I had a colony of these guys back in ontario it was 30 of them and i paid 500 also they are a steal at that price. beautiful fish anyone who buys them will not be disappointed fun group of fish to watch


----------



## ovathedge (Aug 9, 2010)

kodak said:


> That's alot of Bass Justin.. lol bumpity bump...........


think ive blowen my woofer bump fart.......


----------



## joker1535 (May 23, 2010)

I want 10 of them


----------



## kodak (Apr 25, 2010)

joker1535 said:


> I want 10 of them


Group buy???


----------



## onefishtwofish (Apr 21, 2010)

it is for the fishes own good they stay in a large group. however, that said, even if 1 person buys them all there is no guarantee they will keep them as a group. sad but true. I applaud the owner sticking to his guns on this one as a matter of principle. he can sleep easy knowing he did his best by his fish that have no doubt brought him much pride and joy. No one has control over what happens to their fish once they relinquish them to others. One can only hope for the integrity of the buyers verbal commitment.


----------



## Discus (Apr 23, 2010)

I see there is alot of interest in this colony... Now my two cents... is split them into two groups.... 15 and 15... one bad water change and 500 bucks down the drain... i know its rare but every so often with tanks something does go wrong and you do lose fish... so i would split them up...


----------



## onefishtwofish (Apr 21, 2010)

yes i agree that would be the minimum split should one be made.


----------



## kodak (Apr 25, 2010)

onefishtwofish said:


> yes i agree that would be the minimum split should one be made.


If they were to be split, I'd do nothing less than half.


----------



## Nanokid (May 18, 2010)

tropheus are a hard fish to sell. there large numbers and price per fish add up. to the seller - don't split. i would say for the fishes sake put an OBO on the price, or dont expect to sell. that is a beautiful group, and if i had the 500 i would take it. 

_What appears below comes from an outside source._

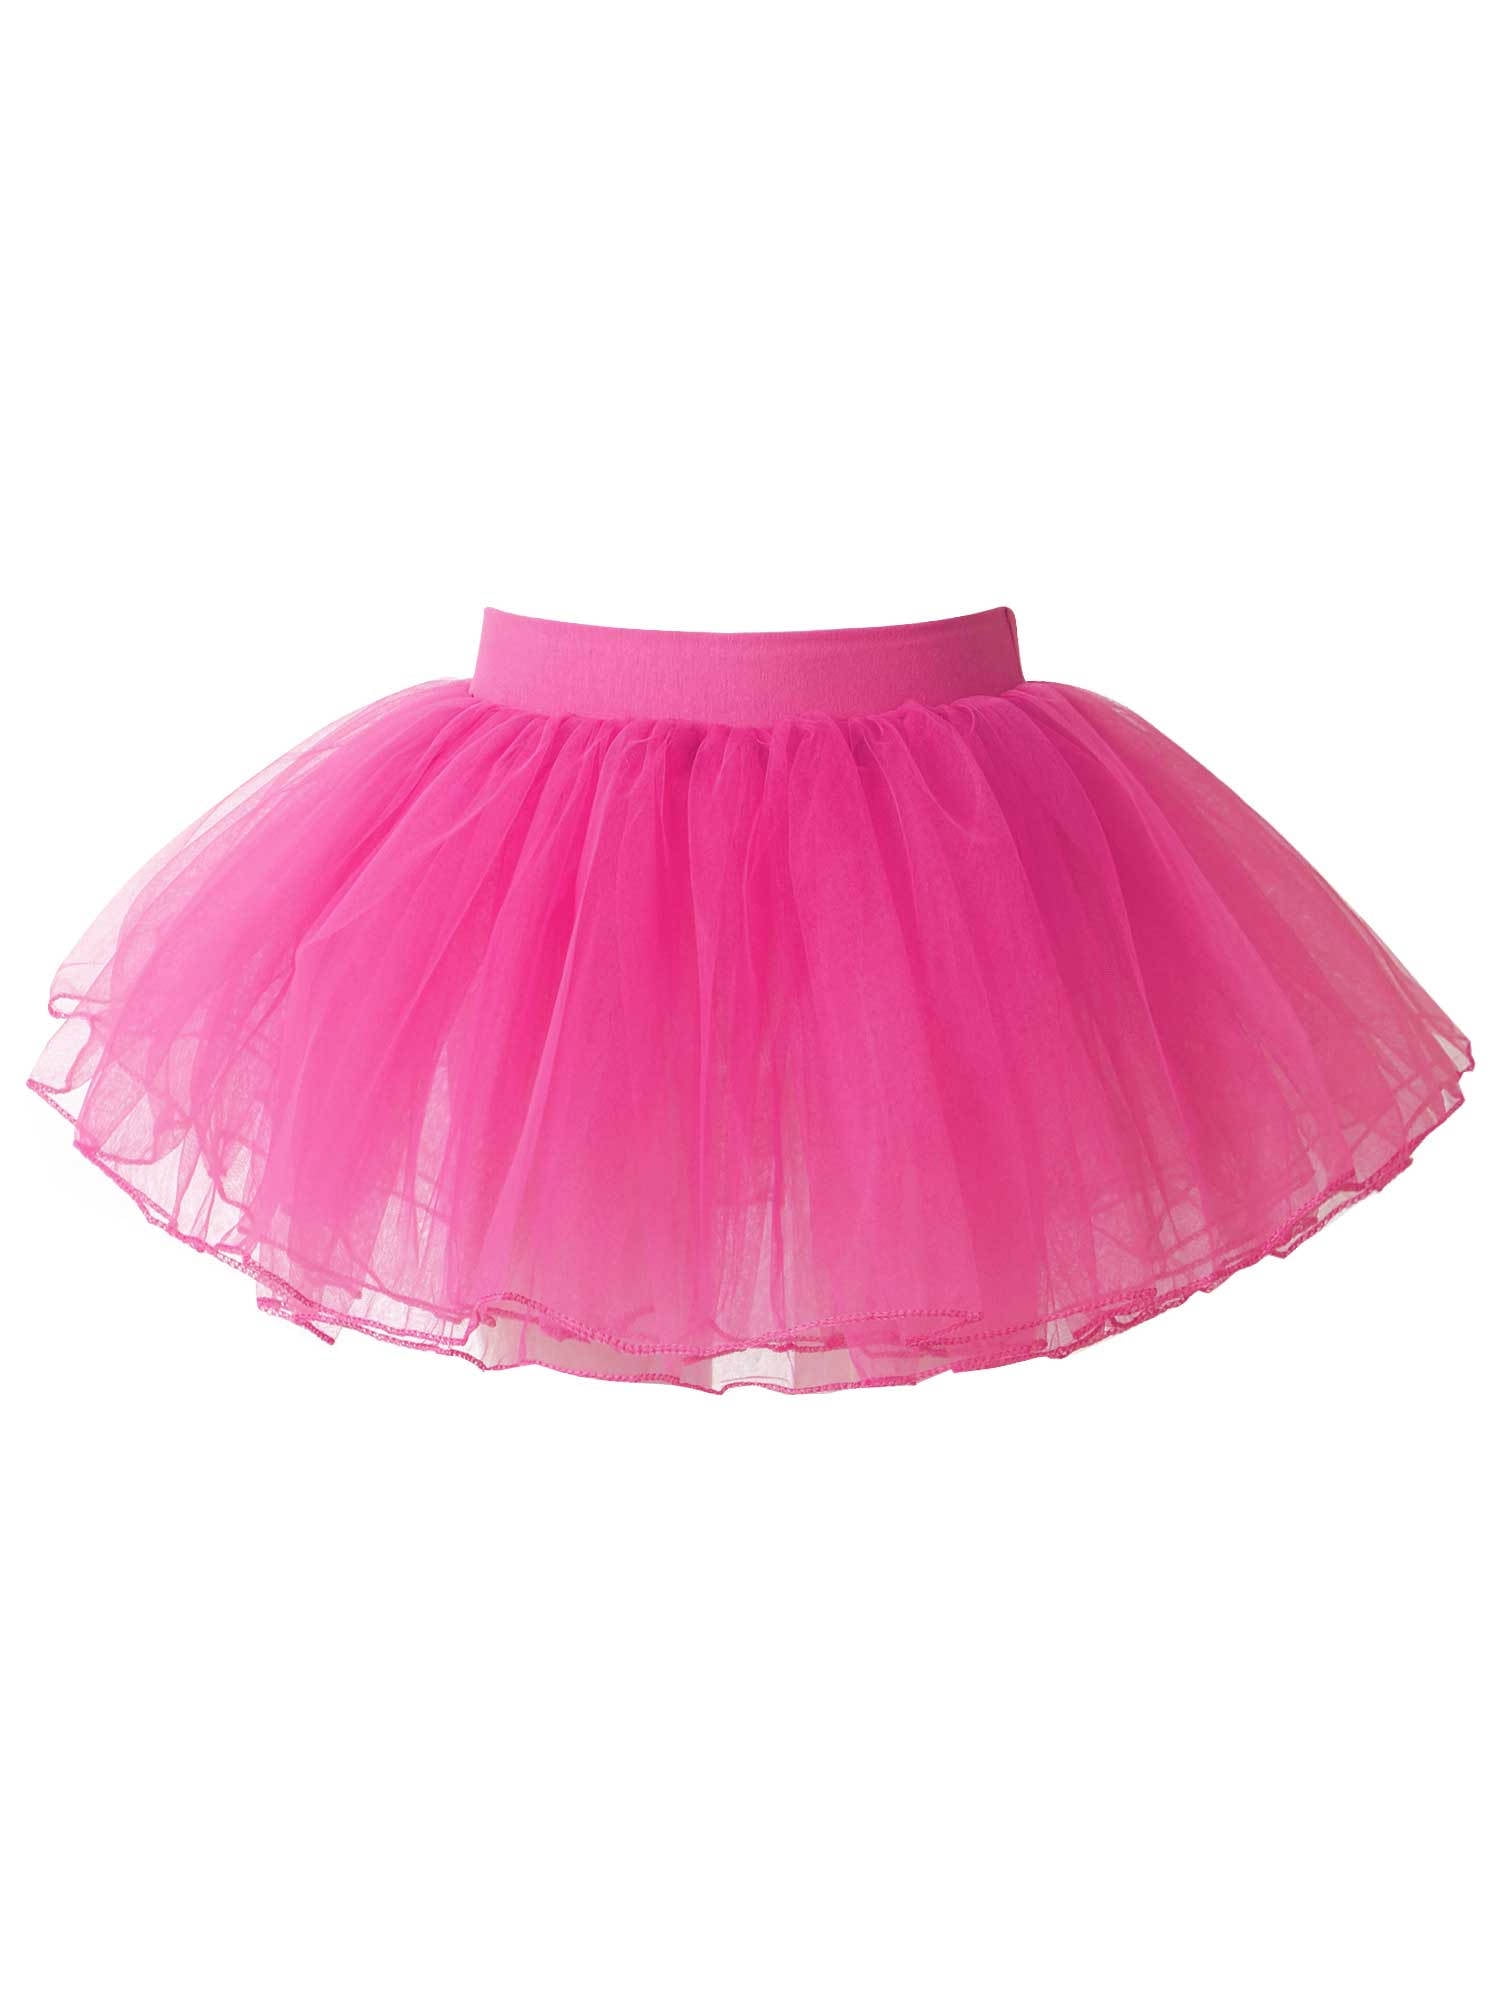 iiniim Kids Girls 4 Layers Tulle Tutu Skirt Ballerina Ballet Tutus ...

also do know - a colony of this size breeds like rabbits, and you have have plenty of fry for sale. i know plenty of people who have bought groups and made there money back in fry!


----------



## kodak (Apr 25, 2010)

Nanokid said:


> tropheus are a hard fish to sell. there large numbers and price per fish add up. to the seller - don't split. i would say for the fishes sake put an OBO on the price, or dont expect to sell. that is a beautiful group, and if i had the 500 i would take it.
> 
> also do know - a colony of this size breeds like rabbits, and you have have plenty of fry for sale. i know plenty of people who have bought groups and made there money back in fry!


It's a waiting game.. if someone really wants a large breeding group this size, they will be willing to fork out the 500.
The last time I was at big als (name change since then) they were selling trophs 3" for 60.00 each..
I sold a group of 30 trophs in the past for 700.. Of course it can depend on the varient, but for the most part trophs are trophs so to say.
The right buyer will pay asking price as it is a great deal regardless. Unless Justin cracks.... 
They have spawned and only more will come.... and as you said "i know plenty of people who have bought groups and made there money back in fry!"

Clayton


----------



## thunder_chunky (Aug 9, 2010)

someone really should get them! I loved watching my alpha male fight for leadership, the males lock mouths and splash and don't let go until one is ready to back down. I could always tell when there was a challenge because I would get home and see their white lips and they were like puppies, they would follow me back and forth along the tank waiting to be fed.


----------



## ovathedge (Aug 9, 2010)

yes they are fun to watch and the dom male trying to keep his leadership its wicked

I really thinking on keeping them now


----------



## kodak (Apr 25, 2010)

keep em....


----------



## ovathedge (Aug 9, 2010)

Im going too sorry people im keeping them not for sale anymore


----------



## onefishtwofish (Apr 21, 2010)

good for you.


----------